On debt, para. 27 has brackets around wording on “debt sustainability being critical to the achievement of national goals including MDGs.’’ The Monterrey Consensus talks about full implementation of the Highly Indebted Poor Countries’ (HIPC) Initiative, but the wording in Ping’s latest September 6 draft about 100% cancellation is new and should be kept. The reference in Ping’s draft to the possibility of on a case by case basis further cancellation for both middle and low income countries with unsustainable debt burdens is clearly a major step forward from Monterrey and should also be retained.
On education, para. 38 brackets remain around wording on the Education for All Fast Track Initiative (FTI). Reference to the FTI is essential.
Aspects of the Gleneagles agreement e.g. universal access to HIV treatment by 2010 would be essential to include in the final document as would commitments to free basic health and education for all. Both of these crucial commitments remain in brackets.
The final text should include:
A time-bound commitment to provide universal, free basic social services in all poor countries, including an end to user fees in basic health and education, ensuring equitable access of women and men to these services.
A commitment to achieve universal access to treatment for HIV/AIDS, recognizing the need to strengthen health systems.
A commitment to invest in the economic empowerment of women.
A commitment to promote equal participation and representation for women and men in government and political decision making bodies.
Agreement that there should be a regular process to review progress towards the achievement of the MDGs.
On trade, Oxfam believes that at a minimum the World Summit should agree a commitment to conclude by 2006 the Doha round of the World Trade Organisation negotiations, in order to deliver new trade rules that will: a) ensure that developing countries have the power to decide the pace and scale of opening their markets, and b) provide new opportunities for least developed countries to gain immediate and quota free access to rich country markets. Some of Oxfam’s bottom lines are in the text without brackets, but others remain under question.
A commitment to conclude by 2006 the Doha round of the World Trade Organisation negotiations, in order to deliver new trade rules is in the text.
Providing new opportunities for least developed countries to gain immediate and quota free access to rich country markets is in the text, but is not extended to all products immediately.
Ensure that developing countries have the power to decide the pace and scale of opening their markets is in brackets.
The recognition that developed countries will work to accelerate and facilitate the accession of developing countries to the WTO is included but not on terms that are fully reflective of special and differential treatment.
Oxfam welcomes the text’s suggestion that the Summit support the ending of the Doha Round by 2006 while reaffirming its commitment to live up to the development mandate. While welcoming these commitments, Oxfam believes that this section should be further strengthened by including:
Increased market access for LDCs, should include all products receive immediate access.

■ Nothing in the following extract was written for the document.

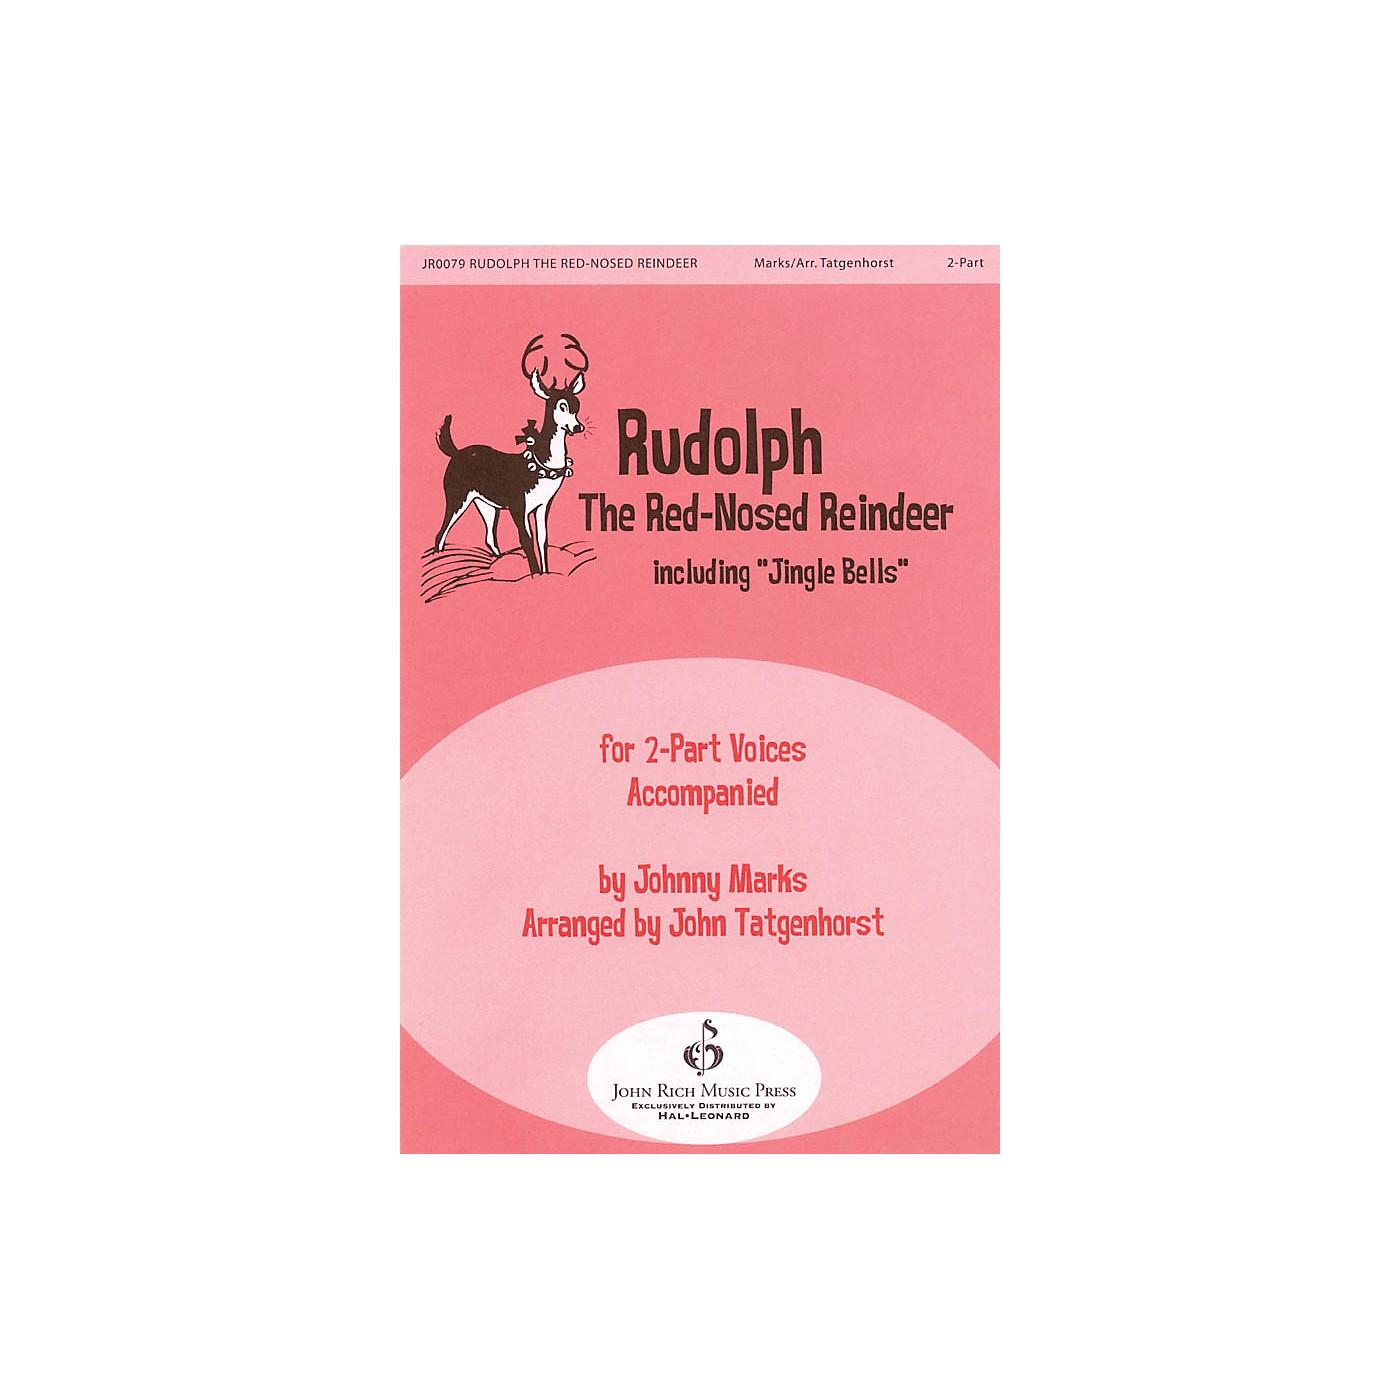 John Rich Music Press Rudolph the Red-Nosed Reindeer 2-Part arranged by John Tatgenhorst thumbnail

When economies in transition and developing economies go through the accession process in the WTO, the WTO needs to recognize the special and differential needs of those countries.
Developing countries need to be able to decide for themselves the pace and scale of opening markets.
The text also contains welcome new references to the elimination of export subsidies - agreed at the G8 and in previous trade negotiations.
On the Responsibility to Protect
There is clearly a vast difference between the summit agreeing the paragraph 128 with or without several specific phrases now in brackets.
The 4 vital [ ] s in 128 are:
[we recognize our shared responsibility to take collective action] or [we are prepared to take collective action]. The first of these is stronger but the second formulation is adequate.
[Chapter VII of] Retaining this language is important because it points to the last resort of force and the UNSC's right to act even against the wishes of an intransigent government.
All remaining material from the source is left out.